[Start of section]
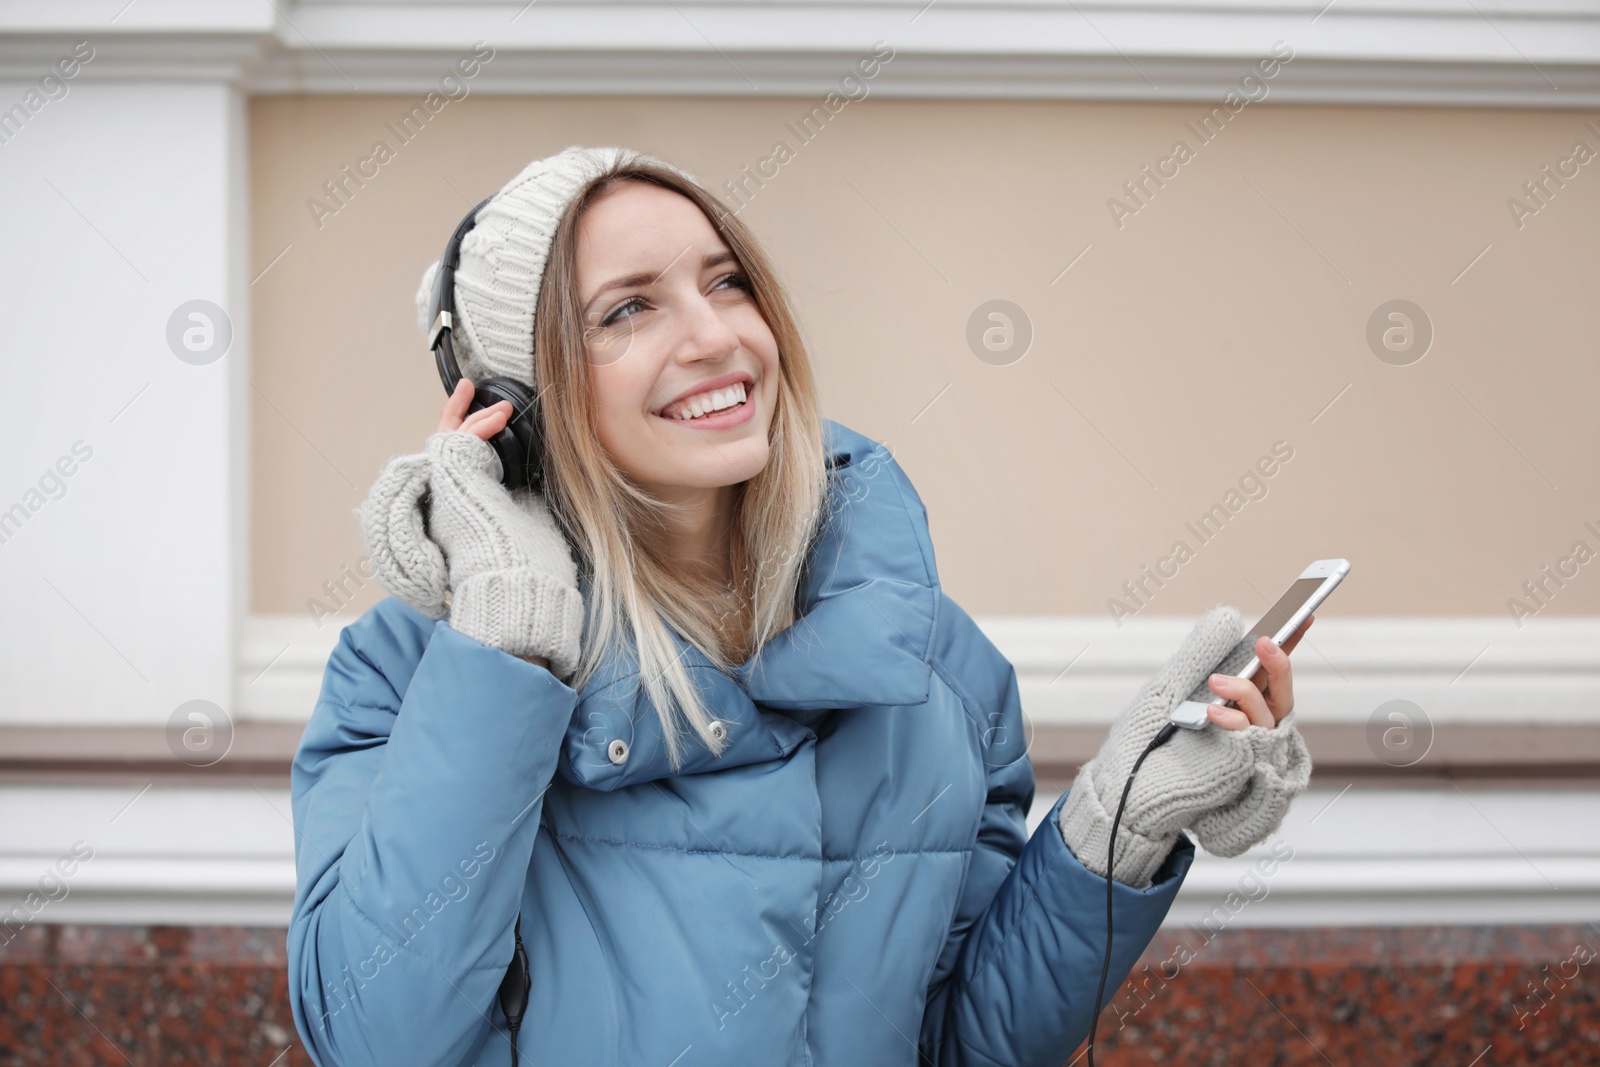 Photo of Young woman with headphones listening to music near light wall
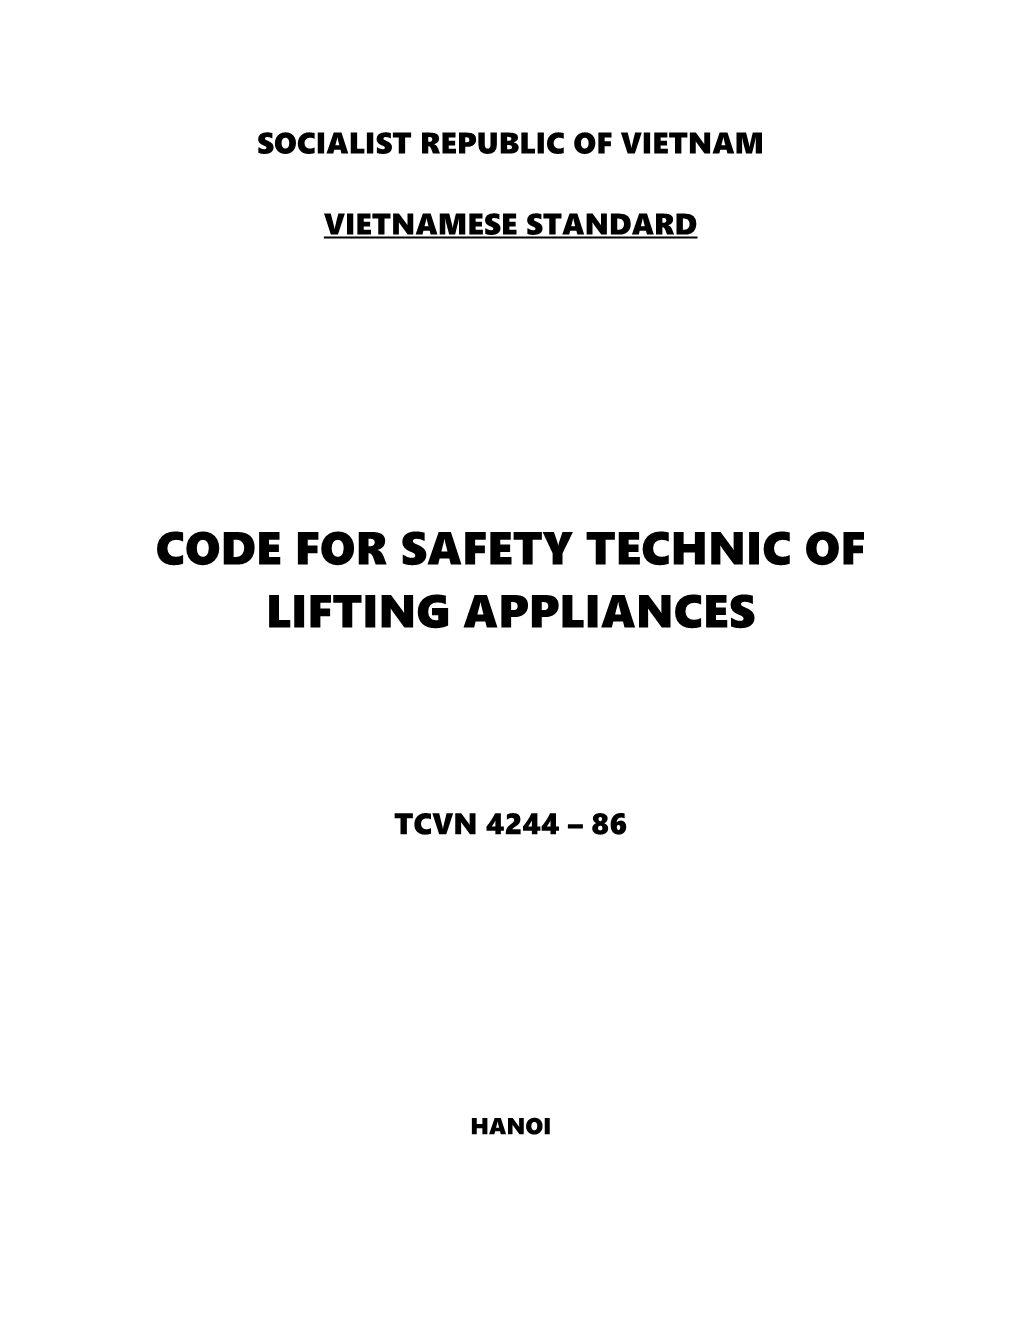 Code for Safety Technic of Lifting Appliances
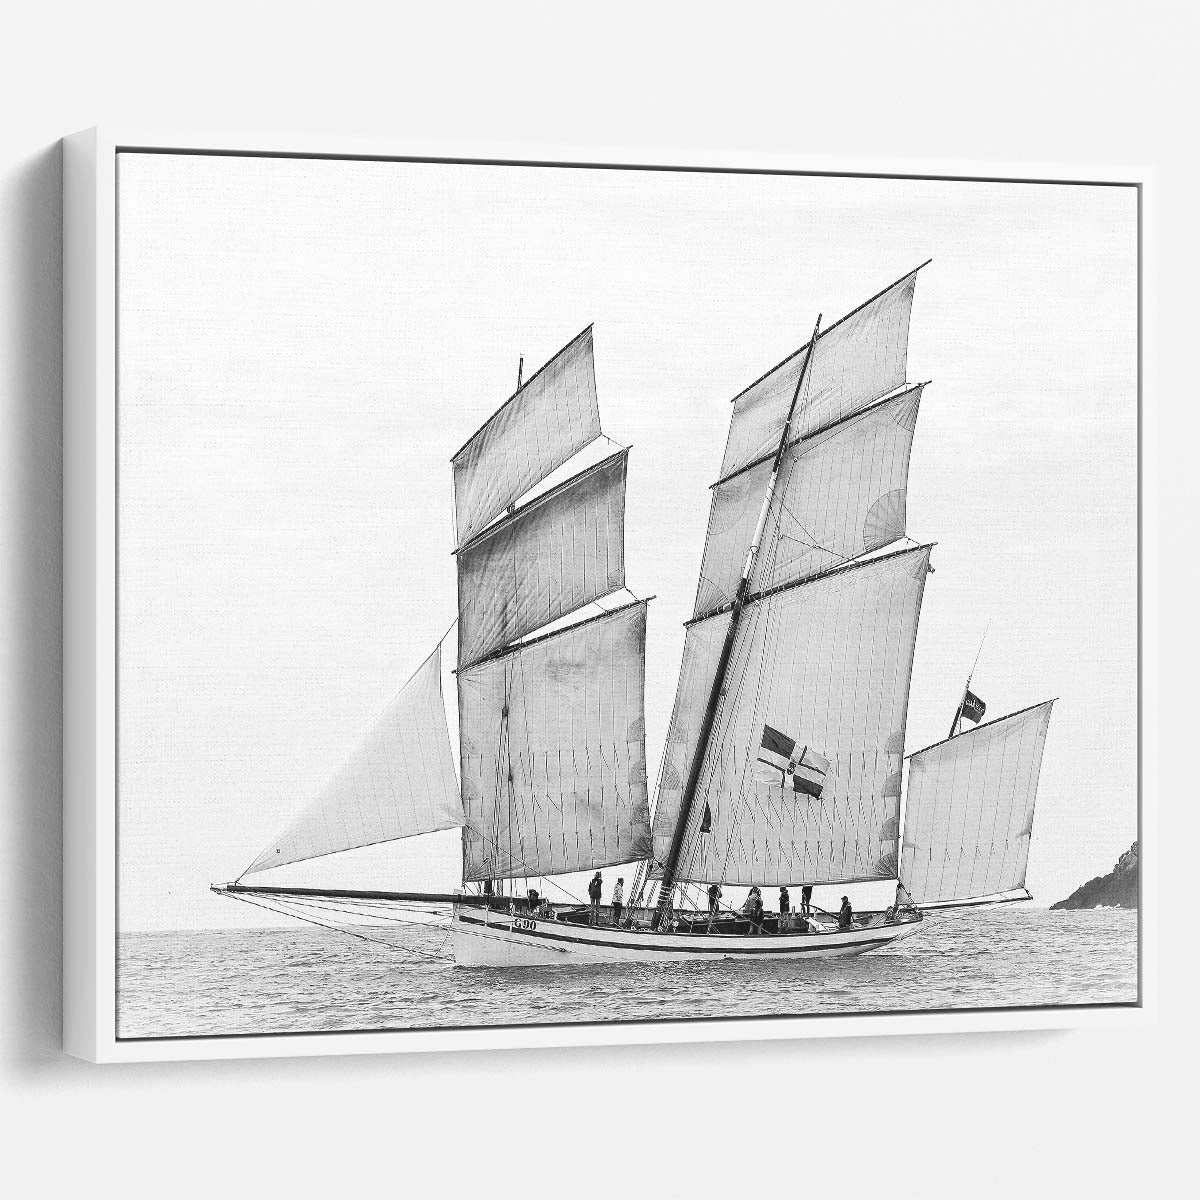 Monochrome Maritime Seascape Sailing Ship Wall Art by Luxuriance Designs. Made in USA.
[End of section]
What you have to do:
All lines from the one containing "Code for Safety" through the end of the data are to be restated exactly, with nothing else and without the pictures.

Problem solution:
 Code for Safety Technic of Lifting Appliances
 Monochrome Maritime Seascape Sailing Ship Wall Art by Luxuriance Designs. Made in USA.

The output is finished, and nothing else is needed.